China may soon introduce fresh regulations to govern the operations of cryptocurrency exchange and trading platforms. Read more…
Many issues face the cryptocurrency market in China, and it may only worsen. As Bitcoin exchanges and trading platforms in the region struggle to comply with the central bank’s policies, there are signs of more roadblocks appearing in the near future.
It all started with the People’s Bank of China’s sudden inspection of Bitcoin platforms to check unfair practices. The move, which was first hailed as the government’s initiative to protect investors’ interests soon turned into the government’s way of tightening its control over the country’s cryptocurrency market.

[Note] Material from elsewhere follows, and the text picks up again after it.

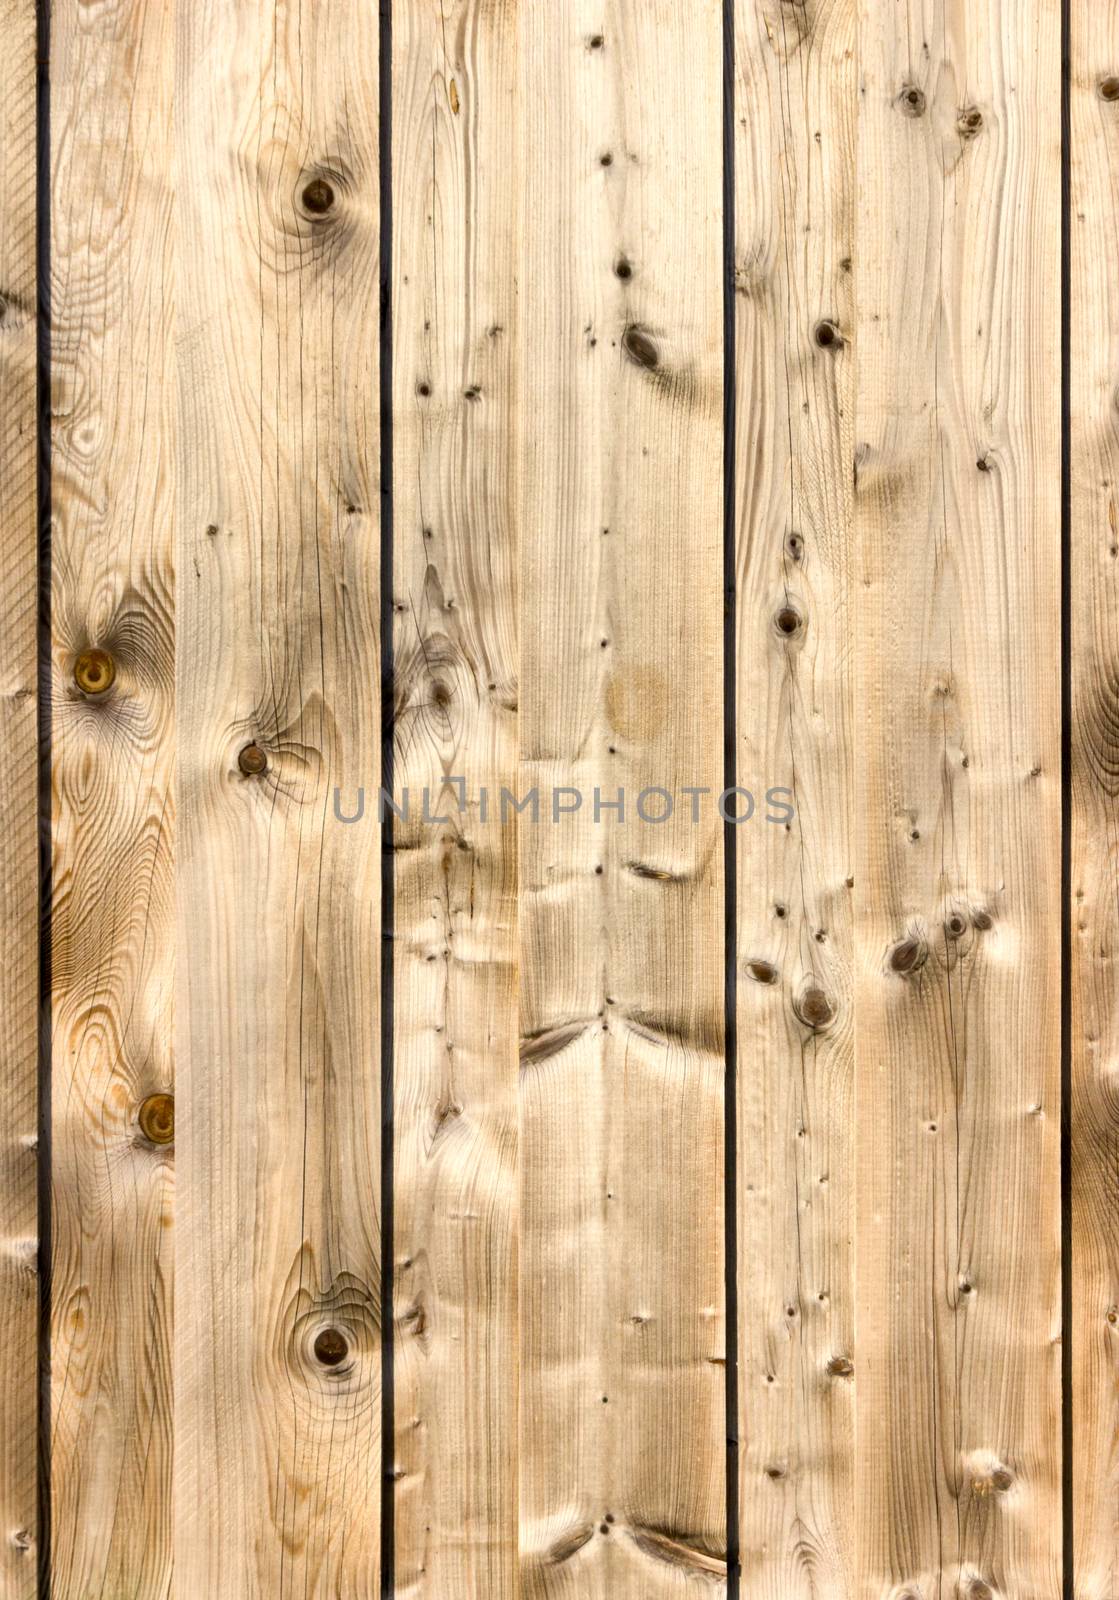 Vertical rustic wooden boards or planks as part of fence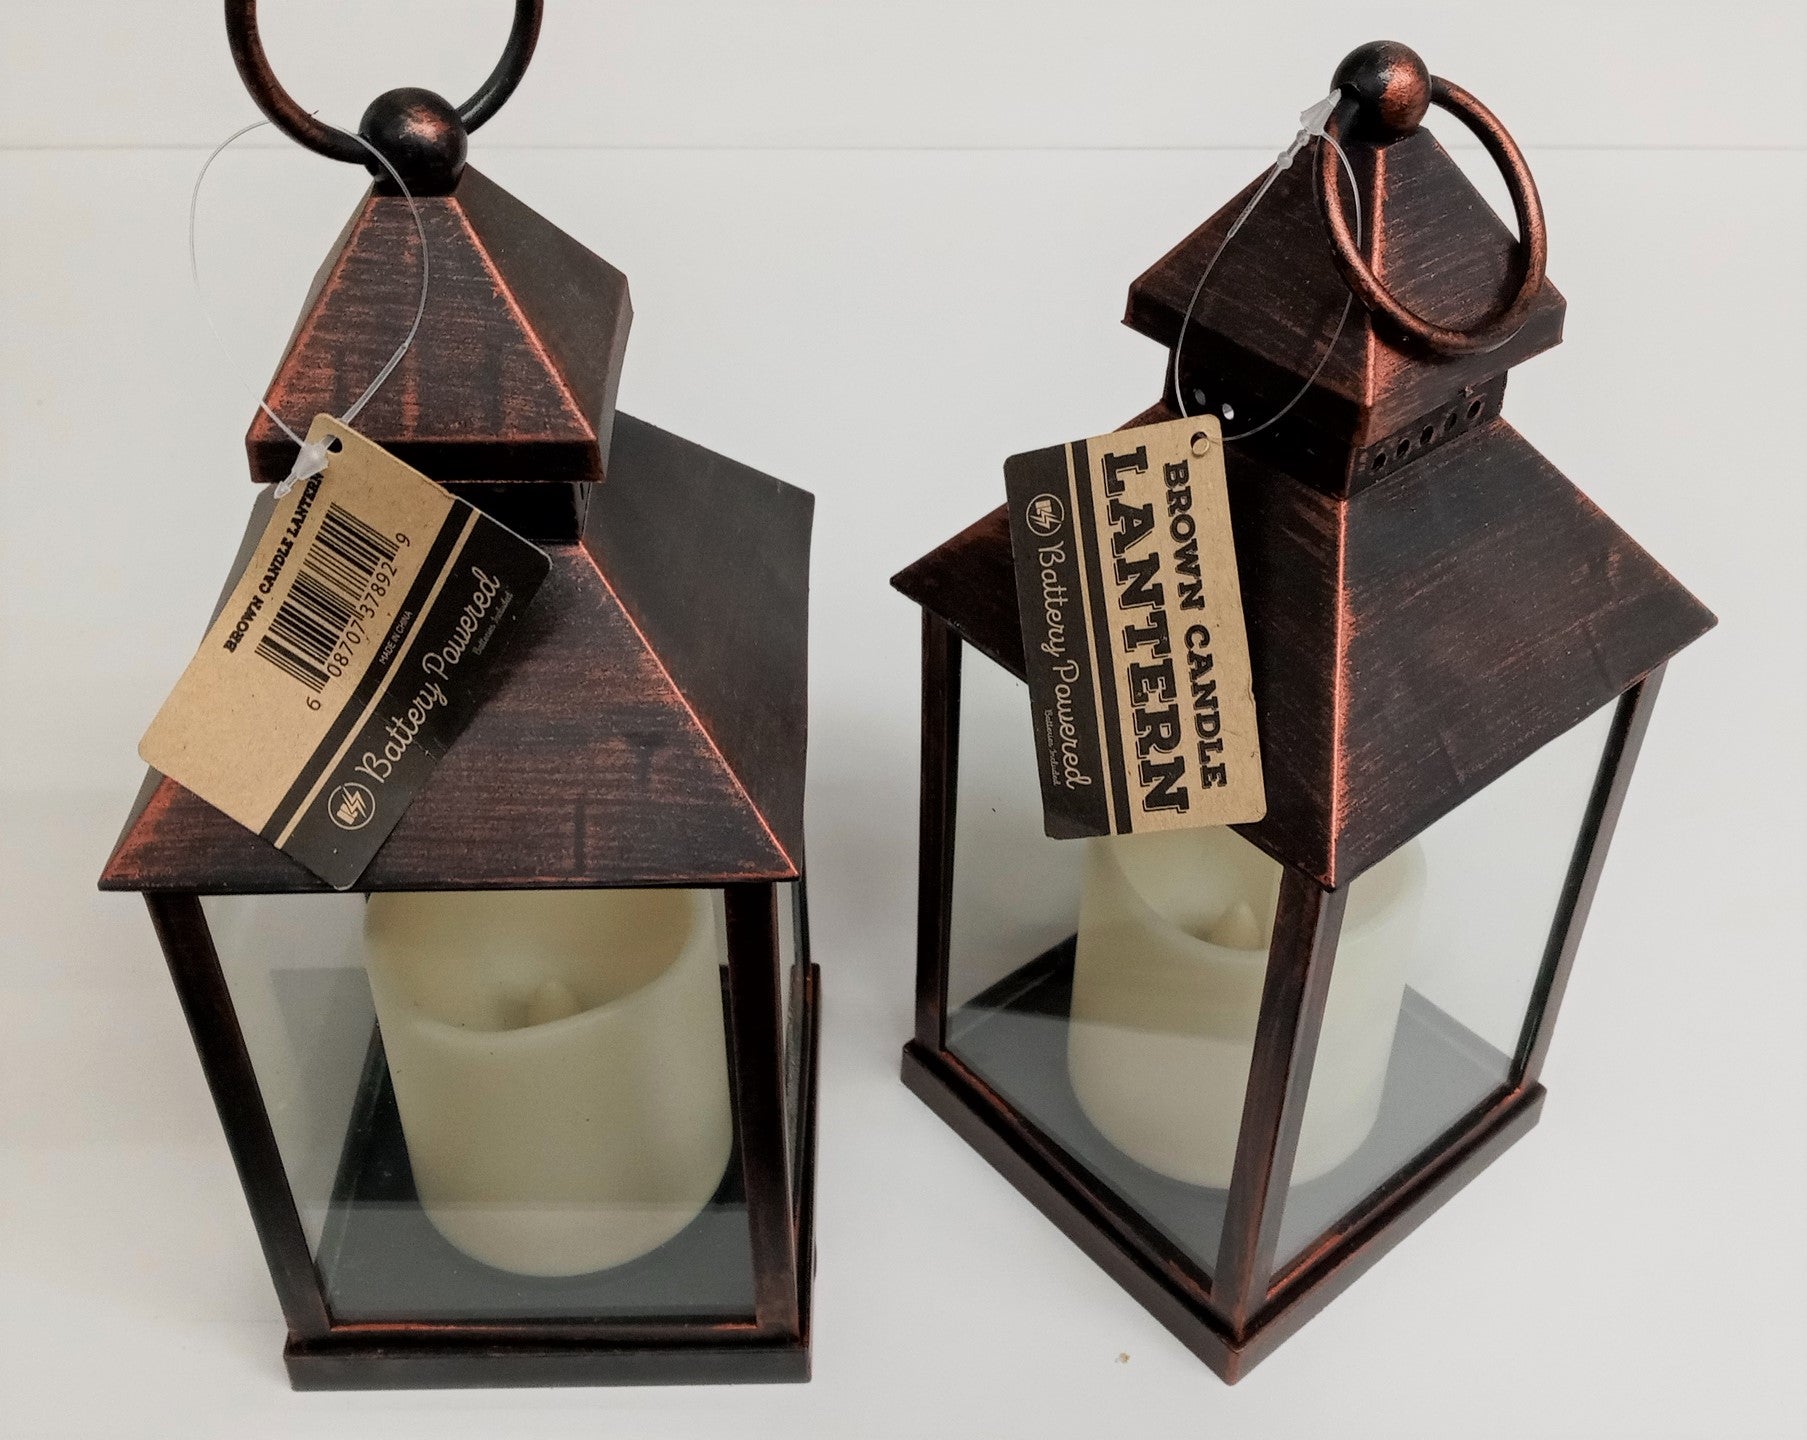 Decorative Brown Lantern 37892 With Battery Operated Candle 9-1/2" 2pcs

China has been one of the biggest Bitcoin markets with huge trade volumes, enough to influence the global prices. Also, the country’s mining community has a considerable bearing on the Bitcoin network itself. The crackdown has resulted in drastic changes to the functioning of the cryptocurrency market in the country. Exchanges and trading platforms were forced to stop offering leveraged trading and borrowing services, leading to falling trade volumes.
Now, with new compliance requirements, traders are left with no way to withdraw their cryptocurrency balances from the Bitcoin platforms. The hopes of China recognizing Bitcoin as a currency fell after the recent message by the Chairman of PBOC’s Operations Office Zhou Xuedong. Xuedong indicated that the regulatory bodies in the country are planning to introduce a series of regulations that could further hamper the use of Bitcoin and other cryptocurrencies in the region.
According to Xuedong, the Bitcoin platforms operating in the country have to receive clearance and approvals from not just the PBOC but also the securities regulator and State Council to run full-fledged exchange services. Unless these approvals are received (which is highly unlikely), they will just be online platforms. However, it is not clear how that will legally affect the operations of the existing platforms in the country.
The recent development suggests that the limitations imposed by China’s cryptocurrency platforms on their users are likely to remain for much longer than earlier anticipation. Few of the leading crypto-platforms have already extended their Bitcoin withdrawal limitations.
Bitcoin, on the other hand, seems to be unperturbed by these developments as the price continues to hold steady, except for some volatility that fell within limits. Neither the Chinese scenario nor the rejection of Bitcoin ETF by the US SEC seems to have had the expected impact on the cryptocurrency’s price.